L’altro non si mosse, tenendo probabilmente lo sguardo fisso dinanzi a se. Ancora una volta forse fingeva che l’altro non esistesse.
- A cosa guardi?- Deglutì pesantemente dopo avere posto questa domanda, poteva sembrare senza senso come richiesta, ma l’altro probabilmente doveva capire a cosa si riferiva, era da un bel po’ che andavano avanti i suoi strani comportamenti.
Si sentiva dannatamente nervoso, il cuore quasi in gola, si riprometteva di restare calmo, ma una terribile sensazione lo attanagliava.


- Che domanda idiota. – Sbottò l’altro con un tono palesemente seccato. Ma come? Davvero voleva fare finta di niente? Yamamoto aveva cominciato già da tempo a capirlo, possibile che lui dopo tutto quel tempo ancora non fosse disposto ad accettarlo?
Lo spadaccino strinse i denti, si sentiva dannatamente frustrato, perché fare finta di niente, aveva decisamente un grosso rompicapo stavolta, non era il solito stupido litigio, gelosia o quant’altro.

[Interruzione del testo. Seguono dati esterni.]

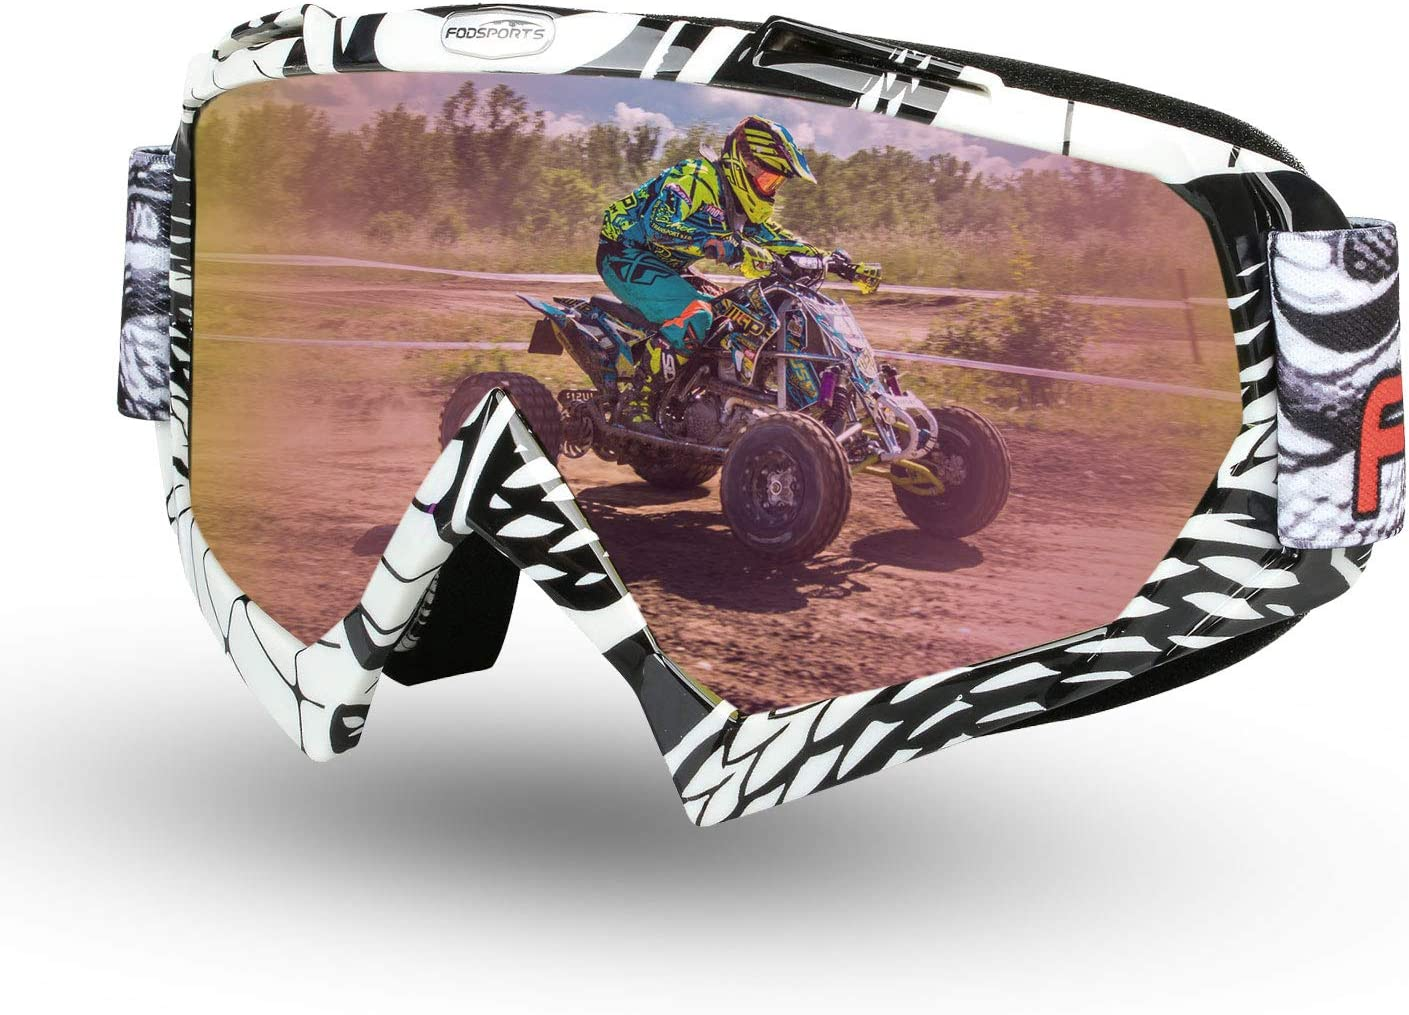 Fodsport Gafas de Moto Gafas Crossed Gafas Ciclismo Gafas Protección Mascara para Moto Motocross Esqui Deporte Ajustable (Multicolor B): Amazon.es: Coche y moto

- Per…favore, rispondimi. – Insistette con la voce più roca forse affaticata.
 


Silenzio.                         
 
Allora aveva capito. Eppure quel silenzio non faceva altro che logorare maggiormente l’animo di Yamamoto, quel silenzio accordava i suoi timori più profondi. Si passò una mano tra i capelli poi sul volto, coprendo la vista dalla sagoma di Hayato.
 
Si fece nuovamente coraggio e decise di avvicinarsi, era stanco di aspettare risposte che probabilmente se non avesse insistito non sarebbero mai arrivate da un tipo come lui.


Gli si avvicinò e gli poggiò una mano sulla spalla, strinse e con forza l’obbligò a voltarsi verso di se.
-Hayato!- Disse insolitamente chiamandolo con il nome che usava solo in occasioni speciali. 


Le sopraciglia di Gokudera non erano corrugate come si sarebbe aspettato data la sua mossa azzardata,  la fronte era distesa e nel suo sguardo vide qualcosa di totalmente inaspettato.
La sua espressione era di totale rassegnazione.
 


Perché?


 
Si chiese lo spadaccino che vide in quelle chiare e amate iridi color smeraldo l’odiata risposta al suo timore più grande.

 
-Lasciami. – Disse semplicemente l’altro, abbassando lo sguardo di lato, senza aggiungere altro.


Faceva male. Un male cane.
 
Lentamente, restio Yamamoto lasciò la presa sulla sua spalla indietreggiando, gli tremavano le mani.
Abbassò lo sguardo a fissare quelle callose mani, così ruvide e piene di cicatrici, forti di innumerevoli allenamenti e combattimenti estenuanti, sanguinosi, tremendamente violenti,che però non bastavano a tenere stretto quello che per lui era più importante e  vitale, prezioso.
 
Sorrise amaramente, dopo tutto era troppo folle pretendere di fare sua l’agognata Luna. Essa irradiava in lui la luce di un’ astro ben maggiore. Non era luce propria o spontanea, e lo aveva sempre saputo, ma perché un giorno non avrebbe potuto crescere qualcosa di spontaneo anche su un’inospitale satellite come quello?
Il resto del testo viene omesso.